TASK DETAILS | Instruction for the entries below: return the part that opens with the line containing "Wikioo.org - The" and closes with the line containing "Herbstferien auf 5-Sterne", exactly, and no pictures.

DATASET EXTRACT |
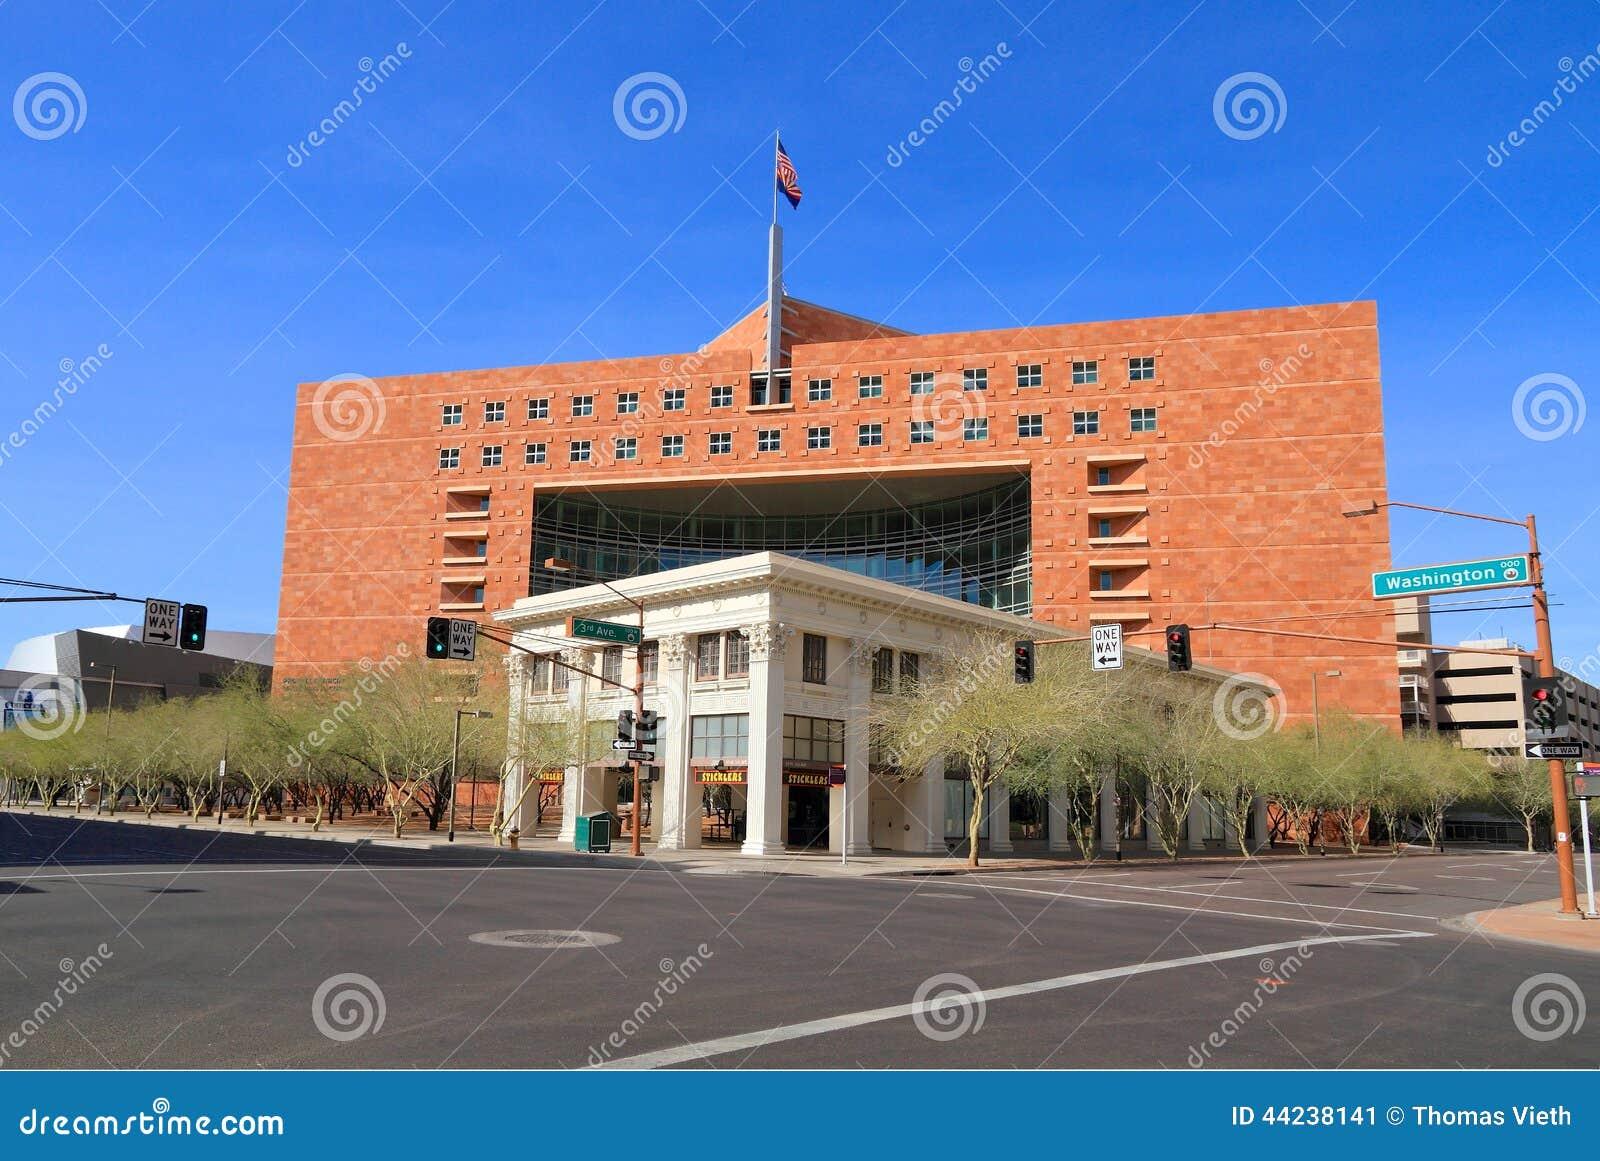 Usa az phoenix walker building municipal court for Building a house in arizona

...

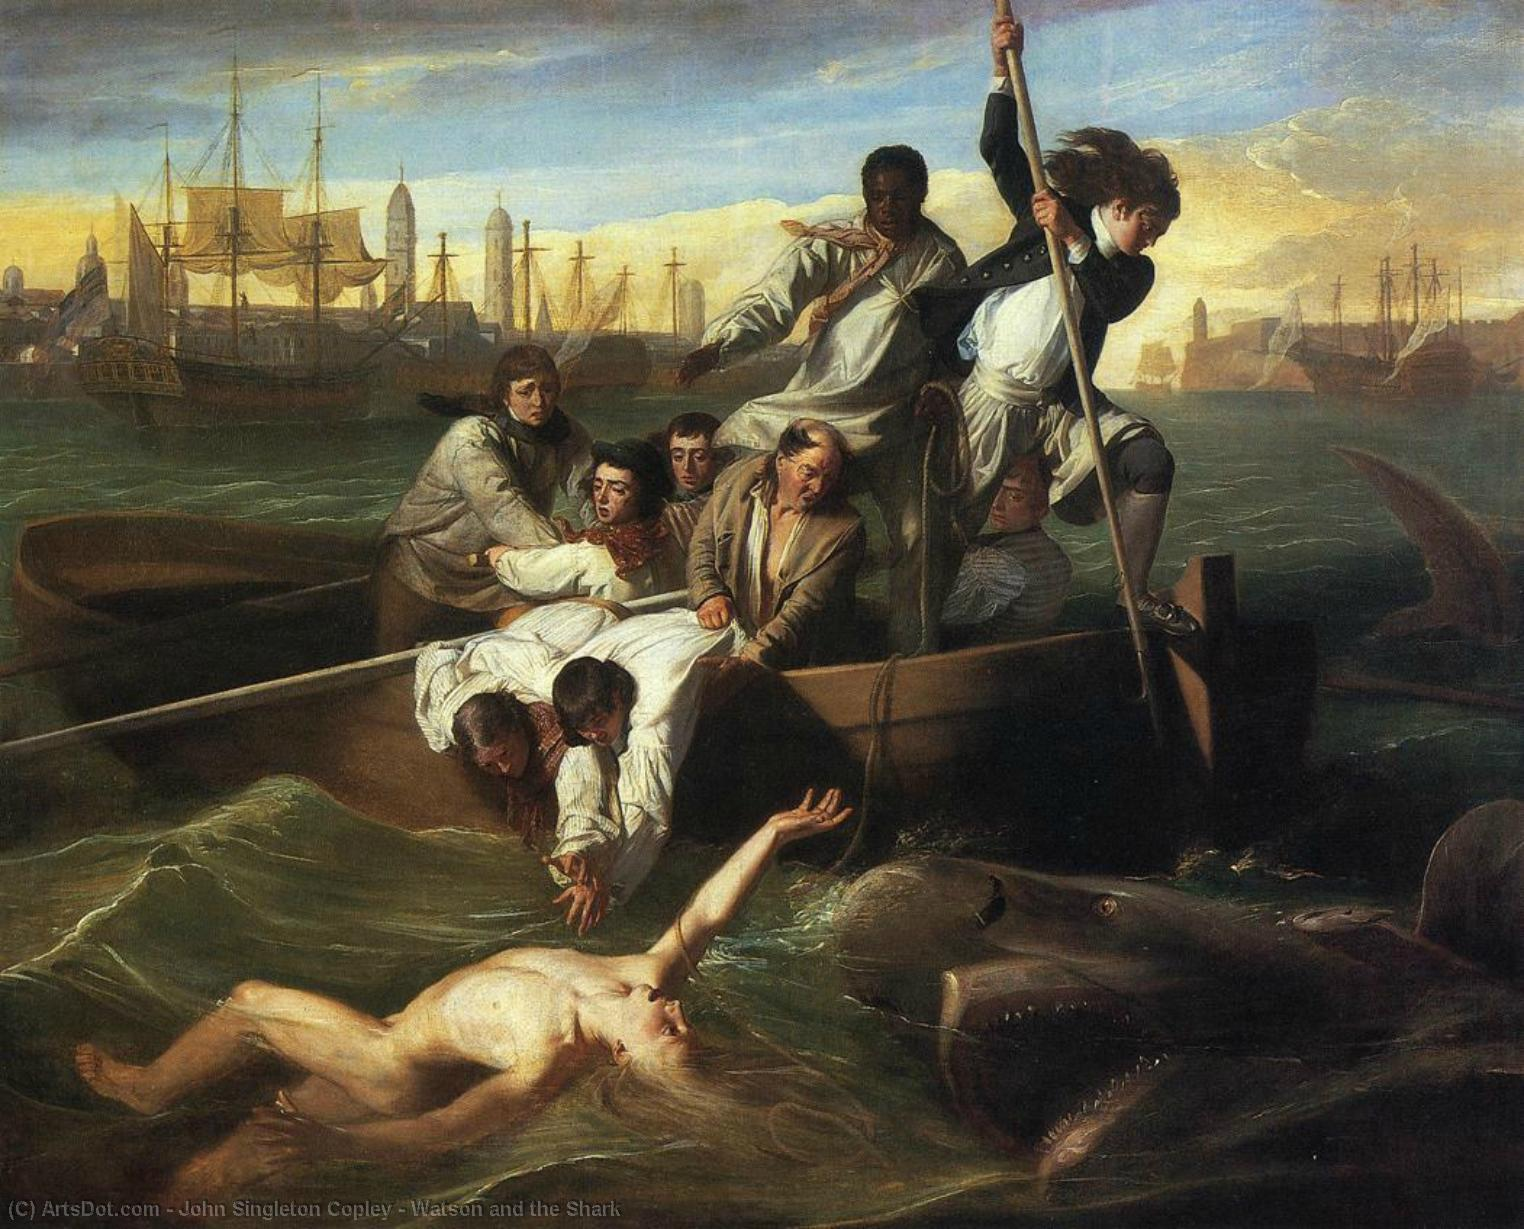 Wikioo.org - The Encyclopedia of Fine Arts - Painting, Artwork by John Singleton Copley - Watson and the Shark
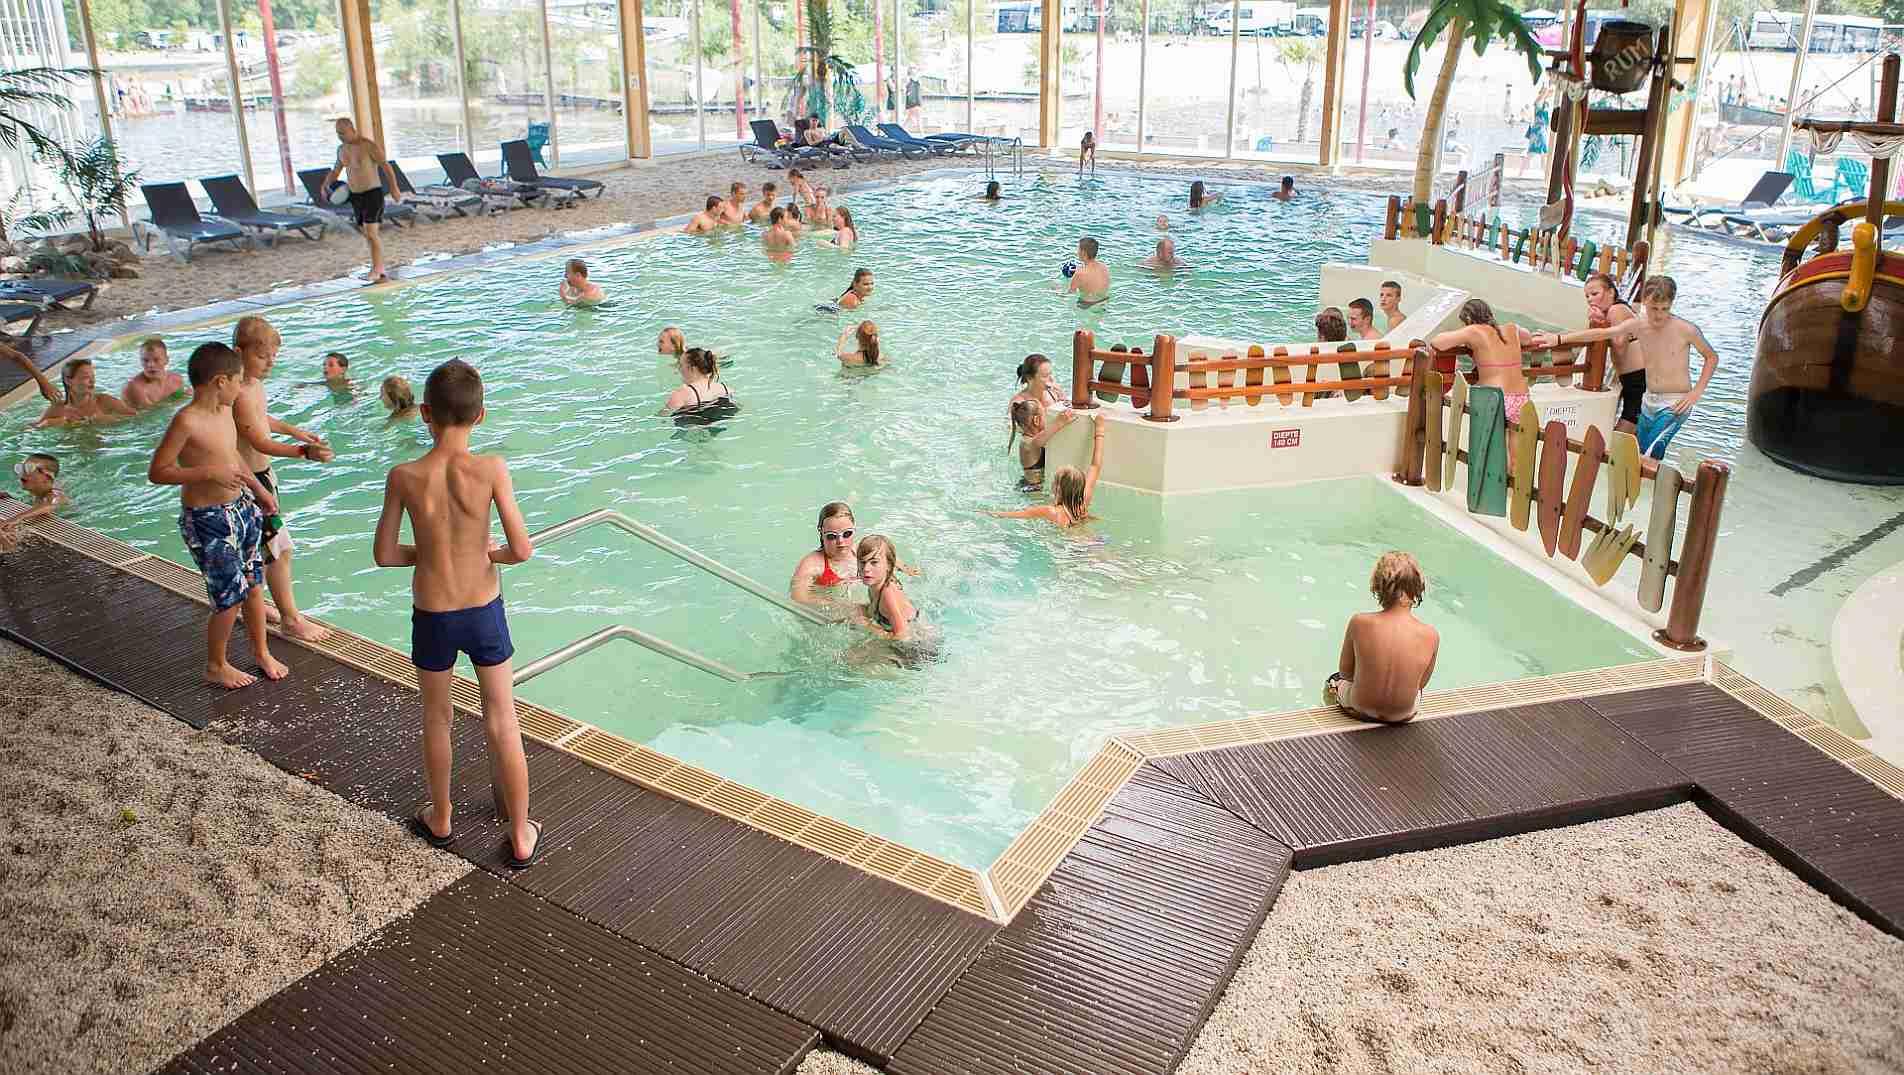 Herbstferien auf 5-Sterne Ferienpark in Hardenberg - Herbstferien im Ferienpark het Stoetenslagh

RESULT OF THIS EXERCISE |
 Wikioo.org - The Encyclopedia of Fine Arts - Painting, Artwork by John Singleton Copley - Watson and the Shark
 Herbstferien auf 5-Sterne Ferienpark in Hardenberg - Herbstferien im Ferienpark het Stoetenslagh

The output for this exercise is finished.